Bipolar disorder, though. Bipolar disorder makes me feel bad every single day. Yes, the meds help a lot. But I'm still either up or down. Being down is, of course, not fun. But sometimes being up is not fun either. Sometimes being up is being jittery and anxious and not able to sit still. Other times being up means I feel like doing stuff I can't actually do, like, I dunno, climbing Mount Everest or hiking the Amazon or quitting my job, driving to Bonham, Texas and opening a Chinese restaurant. (That was something I became obsessed with for a couple of weeks back about a year ago. There are no Chinese restaurants in Bonham. A person could make a fortune opening a Chinese restaurant there. Not, by the way, that I know how to cook or know anything about Chinese food or how to run a restaurant.) So I have to sit there and talk myself out of doing things that should be completely unnatural in the first place. I don't know if you've ever had to do that, so take my word for it that it's a huge drain on mental energy. I mean, yes, I'm doing better than a lot of people, and I haven't had to call in sick to work to lie in bed and stare at the wall for a long time. But still. It is always there. It does not go away.

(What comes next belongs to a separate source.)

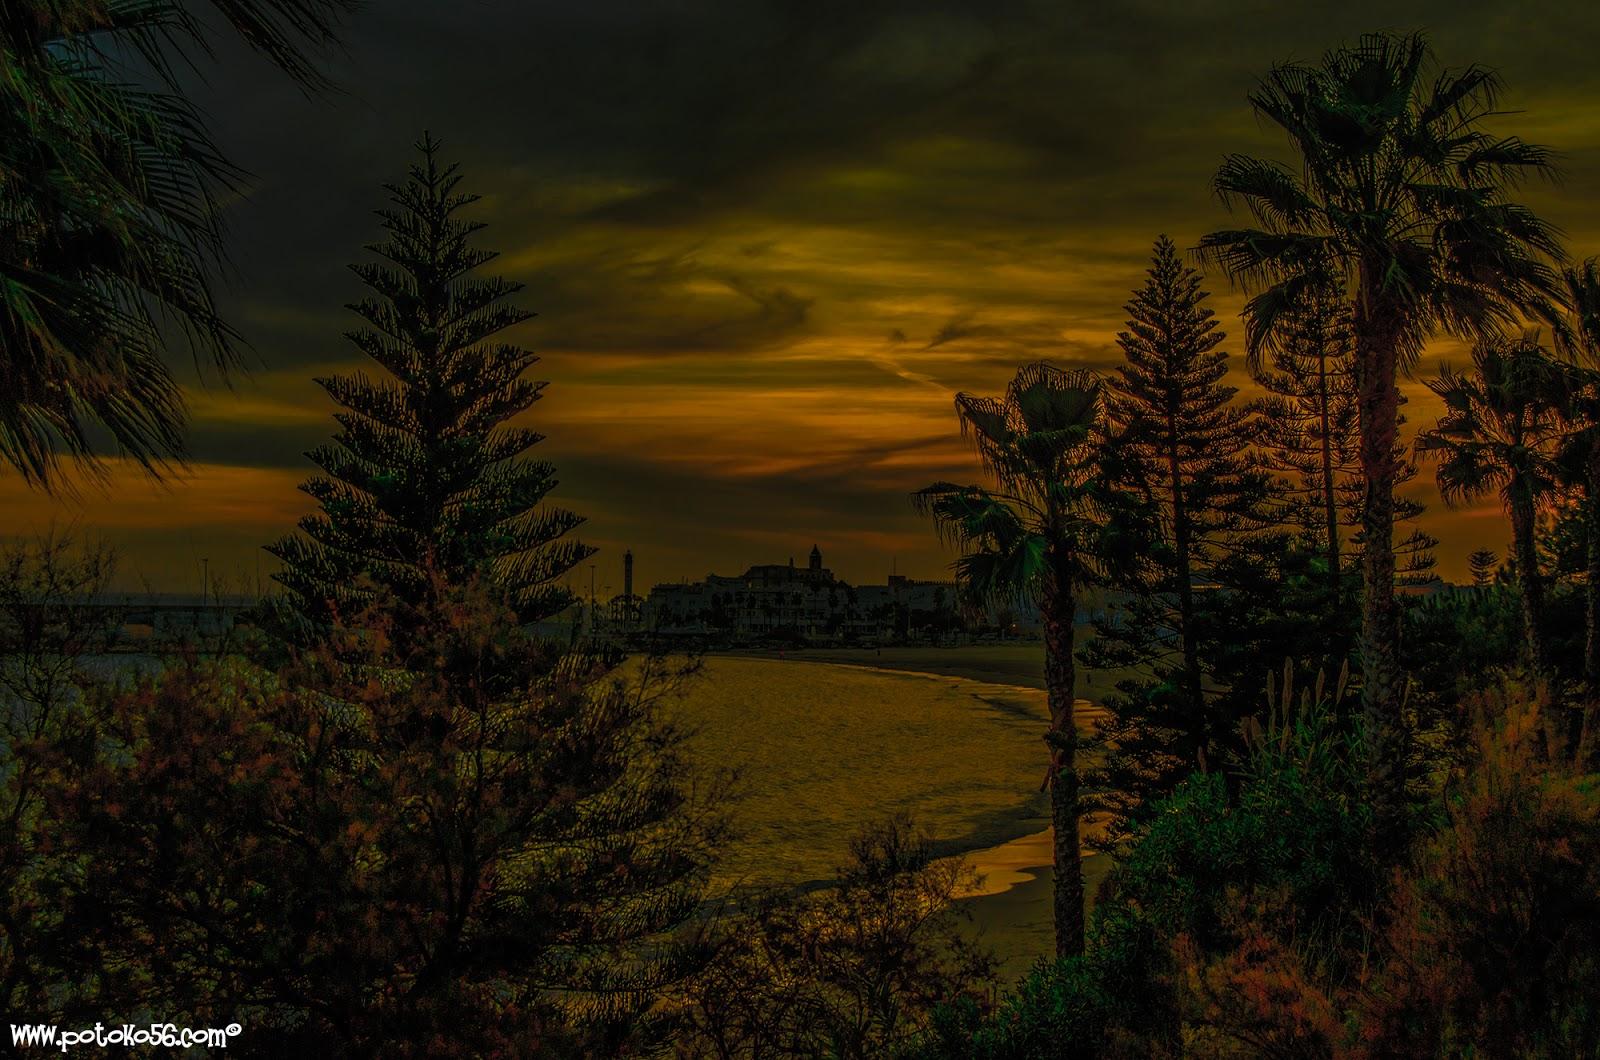 fotografía de ayer tarde llegando la noche por el paseo Rota
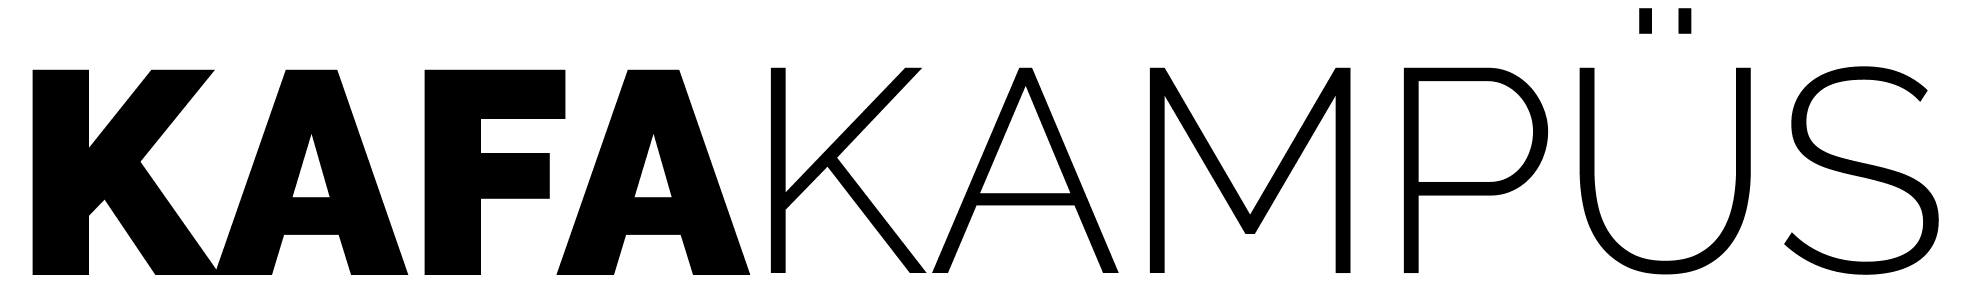 KAFAKAMPÜS

Then there's ADHD. It's called "attention deficit" but it's really "attention instability." I can, when conditions are right, focus deeply on something that has lots of tiny details for several hours at a time. That's how I make beaded jewelry. But, I never know when conditions will be right or, indeed, what "right" even looks like. Other times I can't focus on anything for more than about ten seconds. I mean, I definitely have good and bad days. I even have lists of stuff to do at work for good and bad days. On bad days, I may spend eight hours reading mail from the Federal Courts. Which, don't get me wrong, needs to be done. It's just that there are, you know, 200 other things that also need my attention that are getting ignored while I'm having a bad day. Plus, there's nothing like getting to the end of a day and feeling like you wasted your employer's time and money and didn't get enough done. (Which, given my wonky personality, I might feel regardless, but trust me, having ADHD does not help.)
T2D, though. Take meds. Watch carbs. Eat good food. Keep an eye on the blood glucose monitor. Send numbers to doctor once a month. I mean, unless I'm shooting above 200 all the time for no apparent reason, T2D is easy. I mean, for now, anyway. I could always develop a bunch of complications later and have both my legs amputated or, I dunno, drop dead, but I think that's a remote possibility. Which, I mean, just goes to show something or other. I guess the lesson here is that anybody you know might have a disabling condition. And maybe they've told you and maybe they haven't, and maybe for them it's the worst thing ever or maybe it's not. But regardless, the experience of having a condition or a disability is just really, really individual. You have been warned.